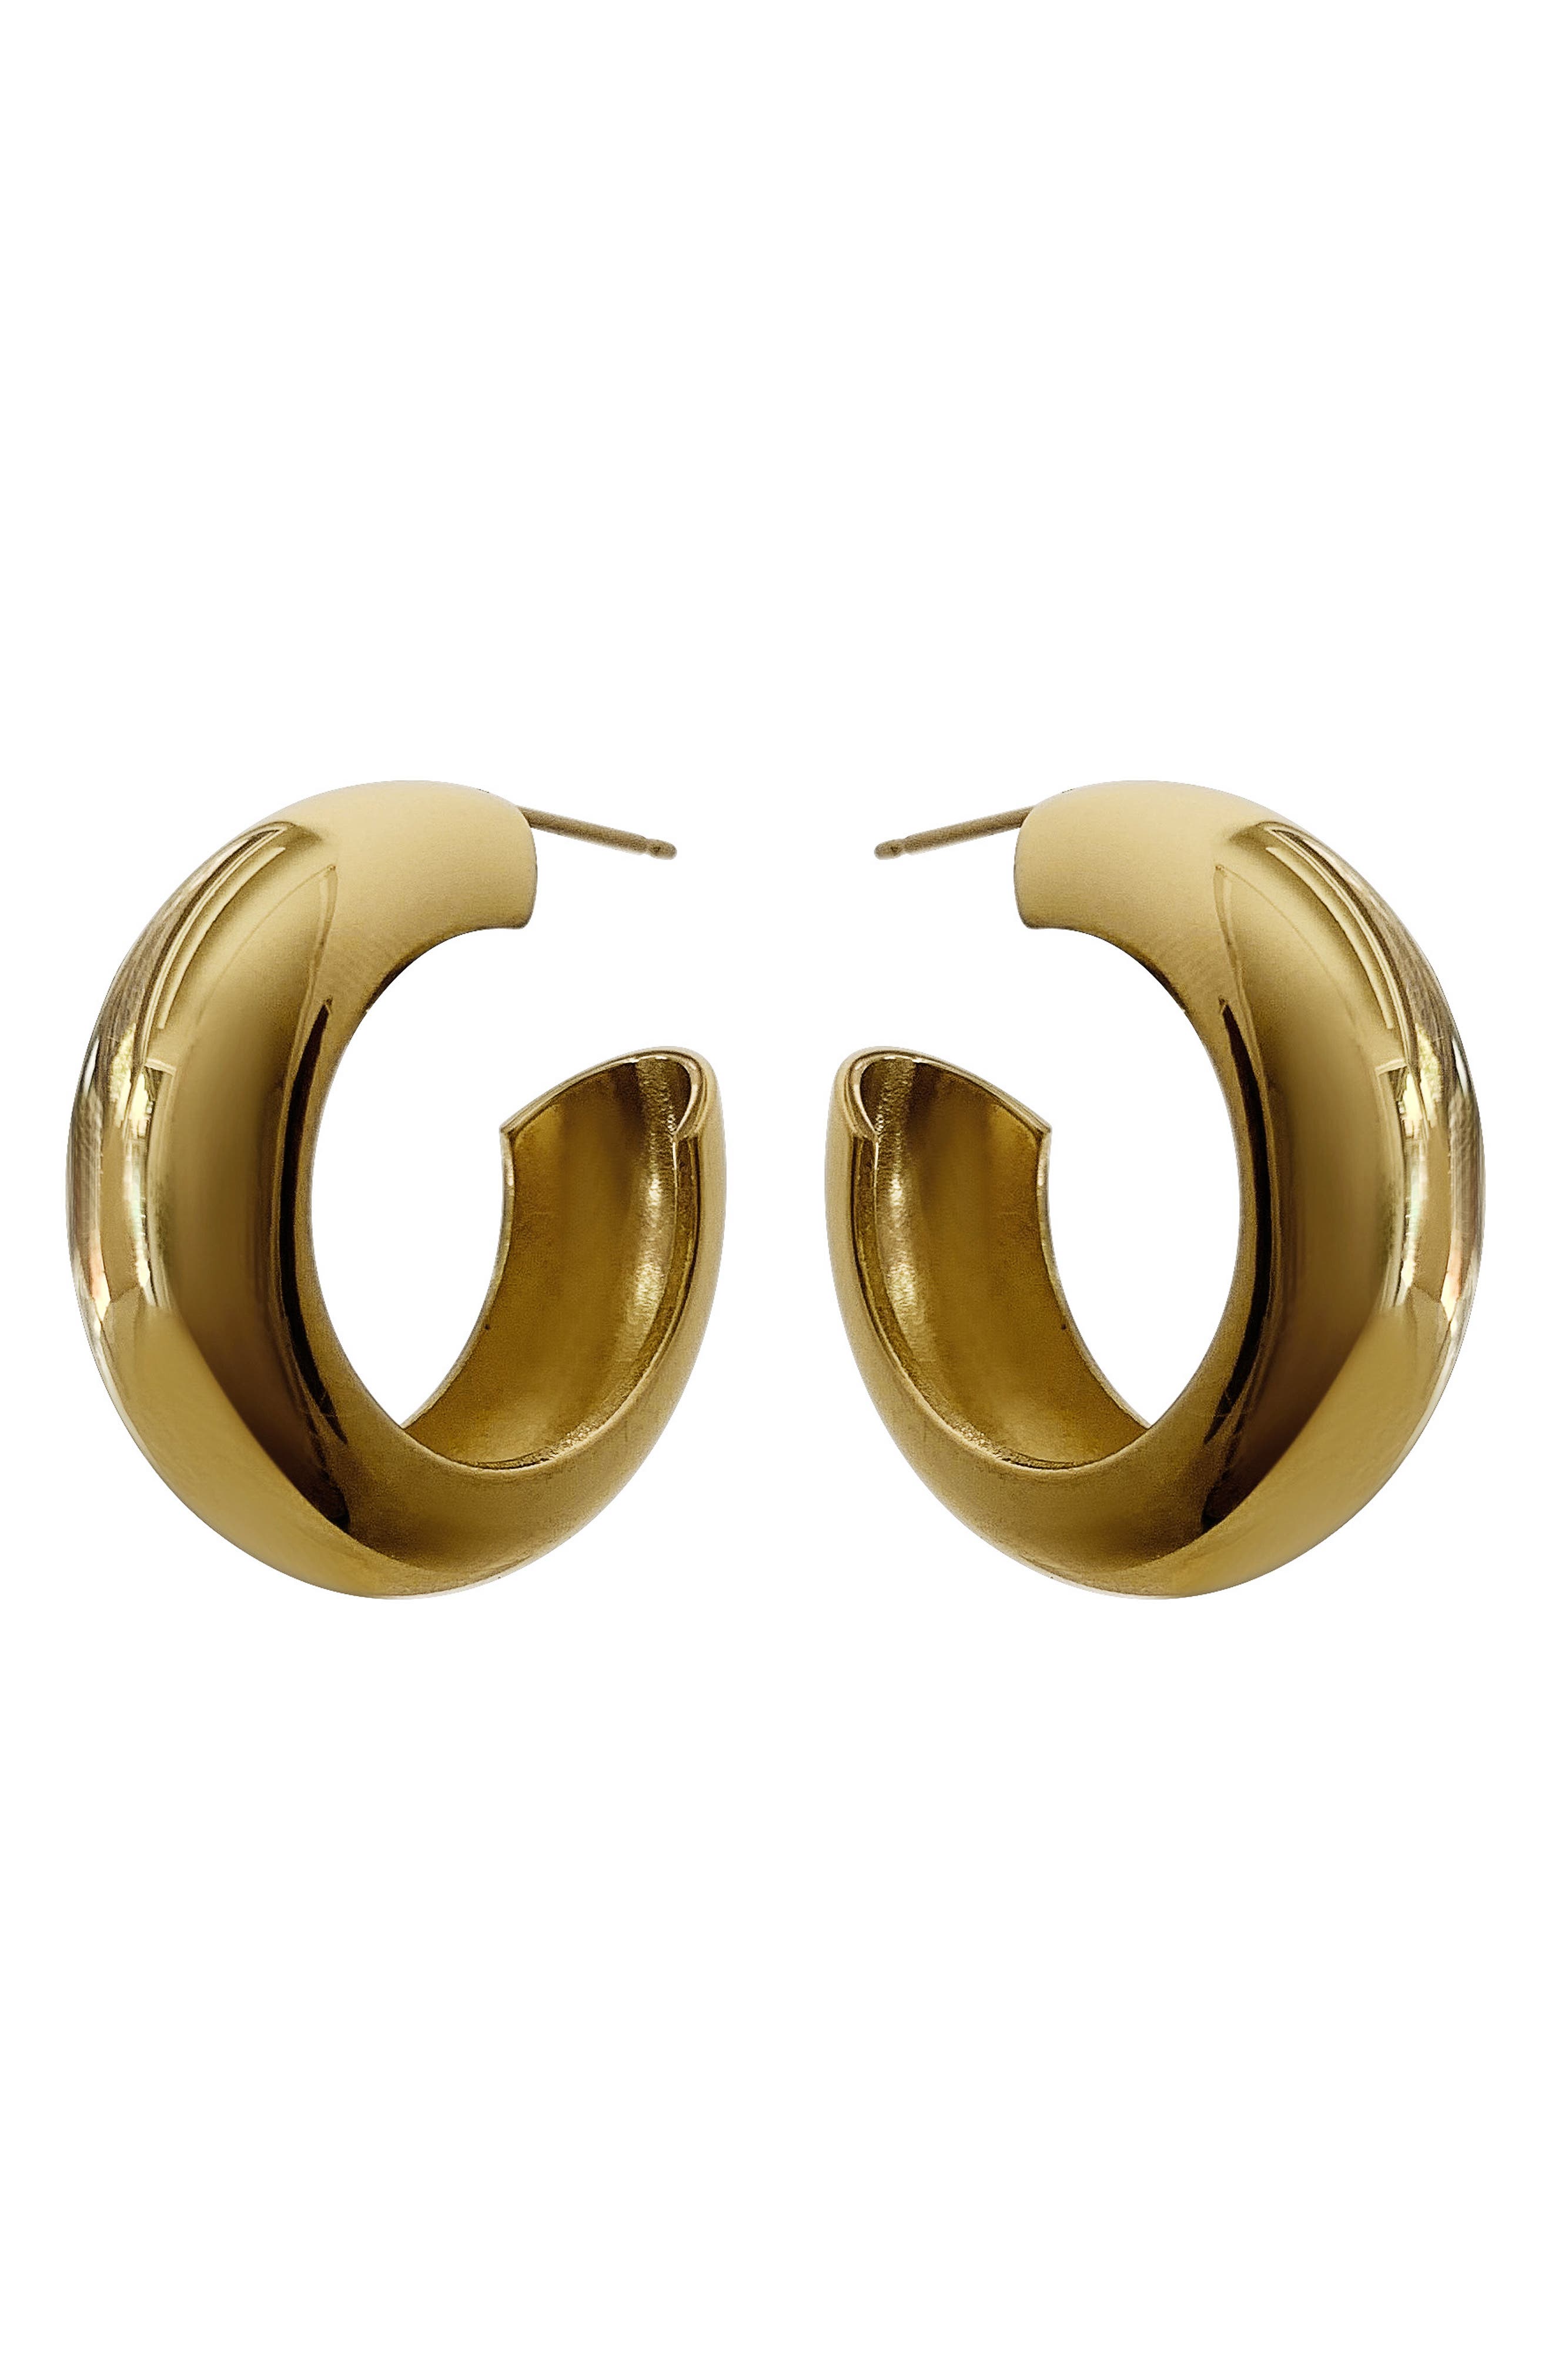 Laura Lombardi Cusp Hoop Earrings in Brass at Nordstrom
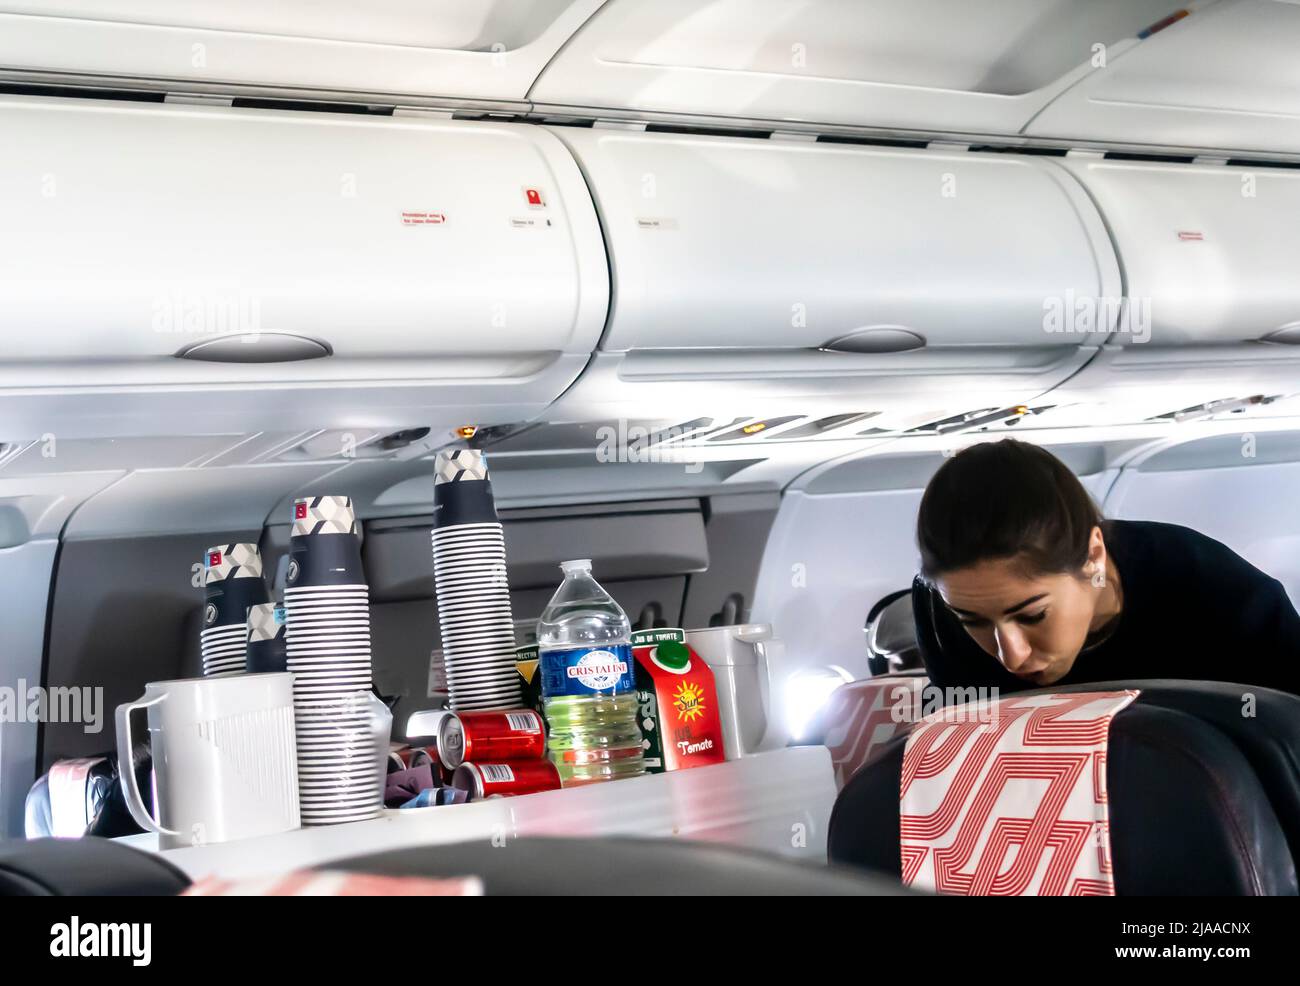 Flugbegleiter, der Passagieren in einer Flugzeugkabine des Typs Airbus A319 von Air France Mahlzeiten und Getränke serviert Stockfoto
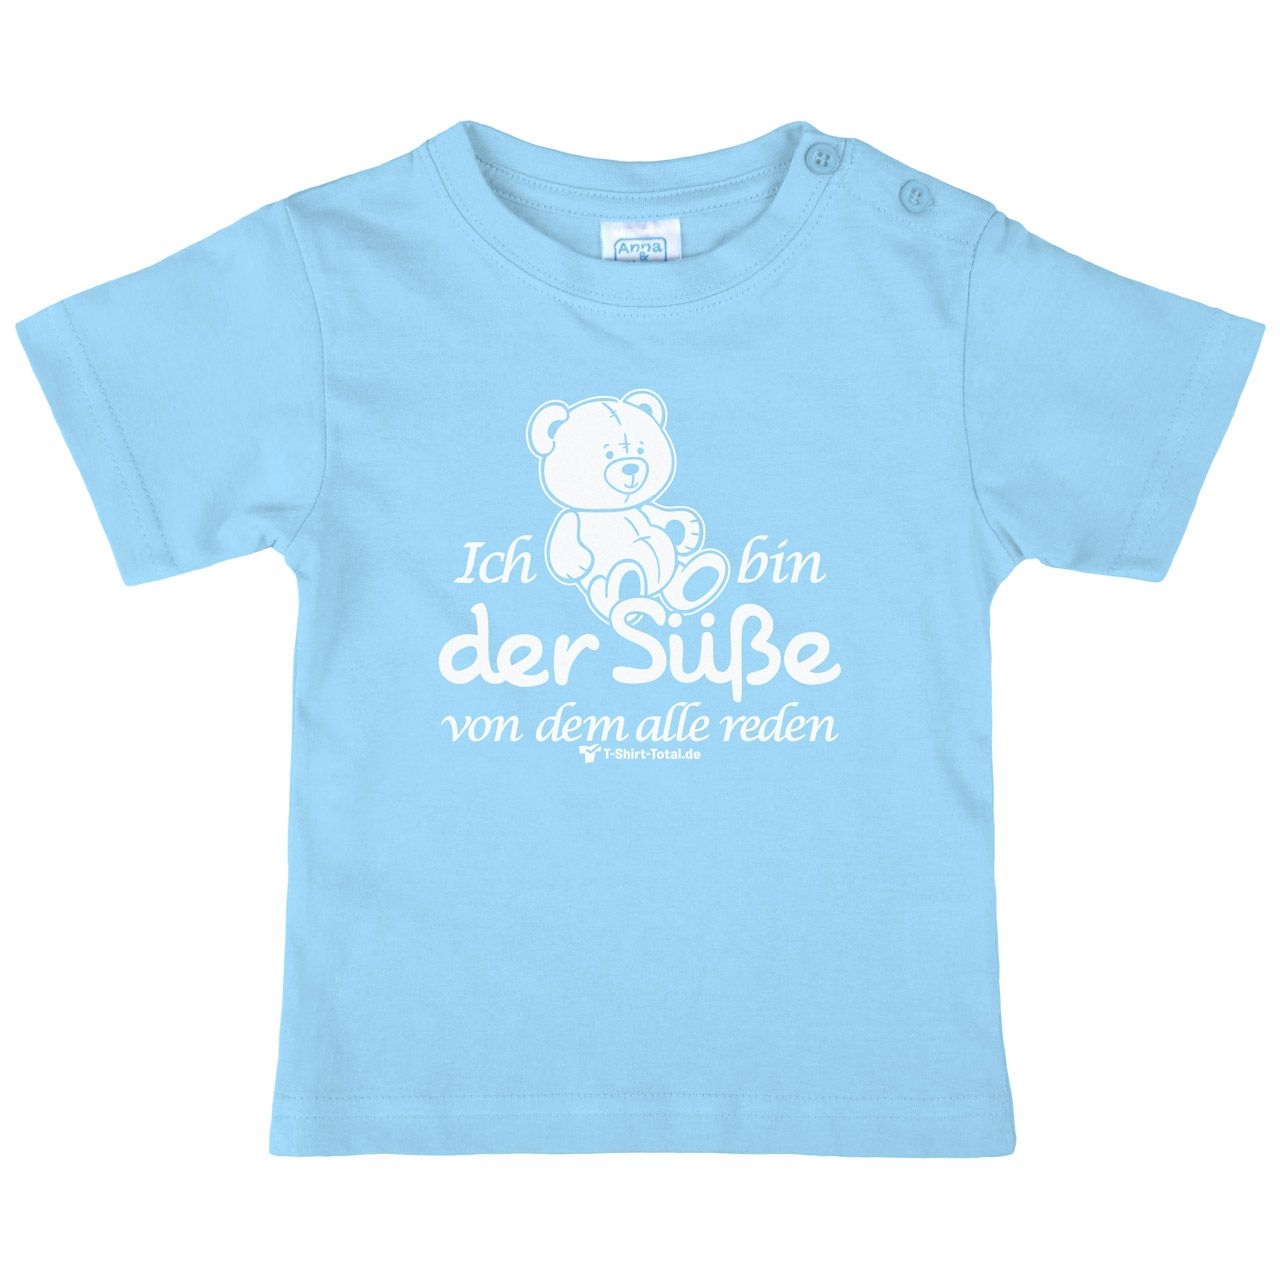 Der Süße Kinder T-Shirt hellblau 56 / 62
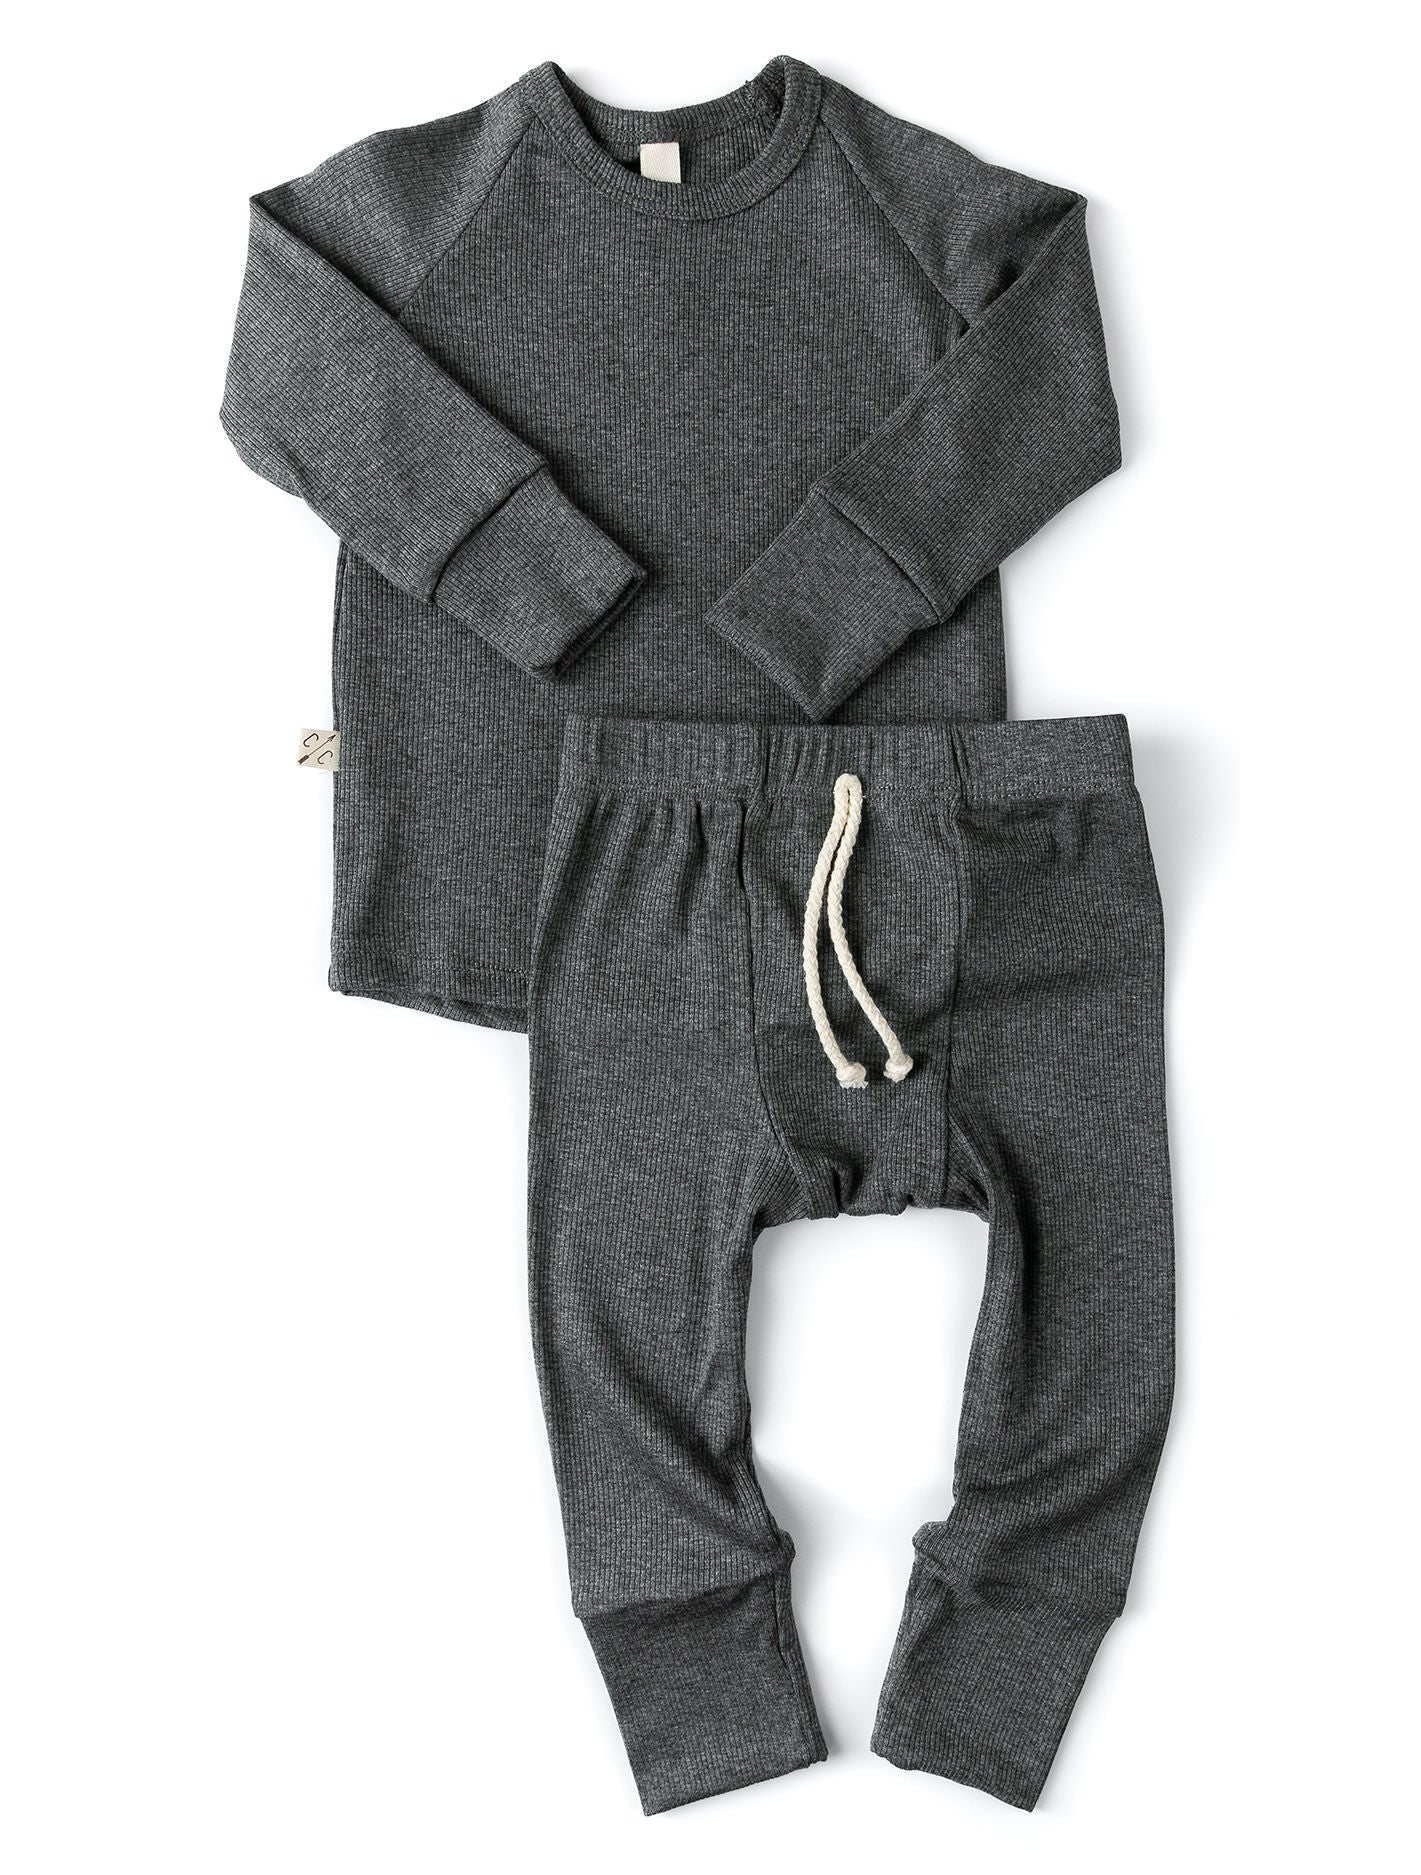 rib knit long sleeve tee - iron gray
───
In the copy you return, include exactly the lines from the one containing "Der Süße Kinder T-Shirt hellblau 56 / 62" through the final line of the listing, and no pictures.

▶ _Answer for the task_:
 Der Süße Kinder T-Shirt hellblau 56 / 62
 rib knit long sleeve tee - iron gray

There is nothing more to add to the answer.